Сегодняшние экзамены Грибин принимал лично, чтобы ещё раз оценить степень оперативной свободы своих американских «партнёров». Причиной проверки «боеготовности» послужили серьёзные кадровые перестановки в американском посольстве. Полгода назад в московскую резидентуру ЦРУ направило нового руководителя, 53-летнего Рональда Хэтэвея. До этого он работал в Западном Берлине, потом несколько лет провёл в главном офисе и вот, наконец, пожаловал в Москву. Знающие его по немецкому периоду утверждали, что Хэтэвей склонен к острым и опасным акциям: в 1970 году он организовал побег из Восточного Берлина американского агента в польских спецслужбах.
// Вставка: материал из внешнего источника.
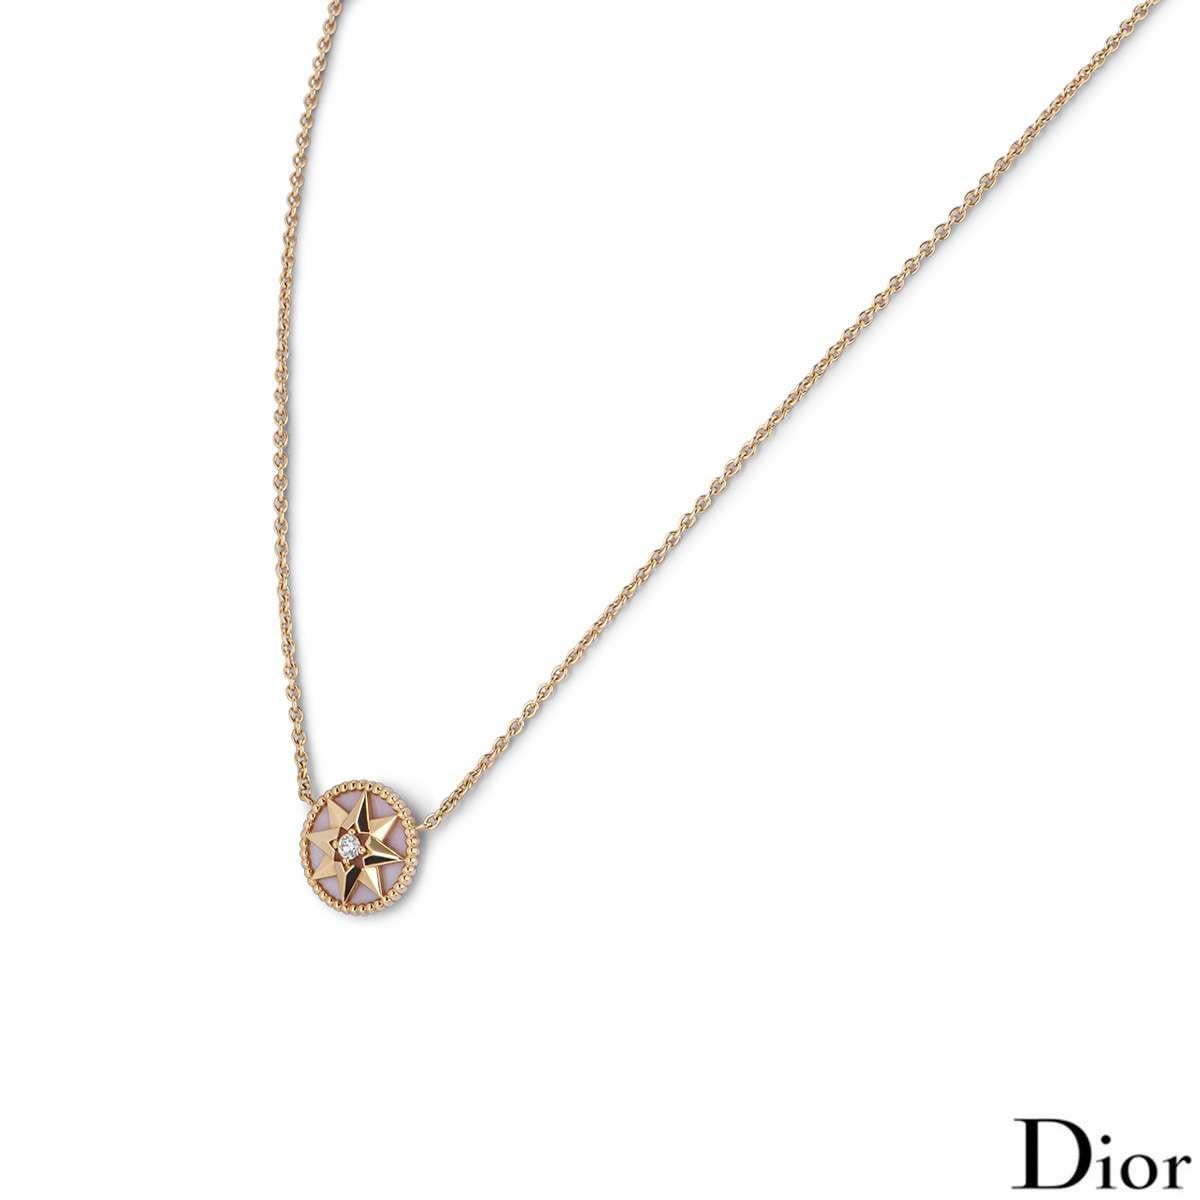 An 18k rose gold diamond and pink opal Dior necklace from the Rose des Vents collection. The necklace features a pink opal circular motif with a rose gold star set to the centre with a round brilliant cut diamond with an approximate weight of

Дело тогда дошло до стрельбы: для бегства была использована гружёная песком машина коммунальных служб. Немецкие пограничники изрешетили грузовик пулями, которые увязли в защищавшем кабину песке, а грузовик, смяв на своём пути все препятствия, выскочил в западный сектор. И эту операцию — по мнению Грибина, совершенно дубовую — спланировал Хэтэвей. Теперь этот человек вальяжно ездит по Москве, улыбается охраняющим американский жилой комплекс милиционерам, а Второе Главное Управление следит за ним как за сумасшедшим, занятым поиском спичек.
Такой тип, как Хэтэвей, думал Грибин, вполне мог расшевелить местную резидентуру, заставив её действовать более остро. Привыкшие в Москве к плотной опеке, американцы раньше не позволяли себе игр в кошки-мышки и вели себя тихо. Однако, новый начальник мог принести с собой и новые правила. Проблема заключалась в том, что для людей Грибина эти новые правила были неведомы, в то время как Хэтэвей хорошо изучил почерк КГБ.
Причастен ли новый резидент к исчезновению семьи Шадрина? Мог ли он пойти на такую авантюру? И если ответ — да, то за кого он меня принимает? — думал Грибин, рассматривая маленькую пыльную полоску на крышке багажника.
Назначив молодым стажёрам время для пересдачи экзаменов, он нырнул на заднее сидение своей машины и быстро захлопнул дверь.
— На мойку, — скомандовал он водителю.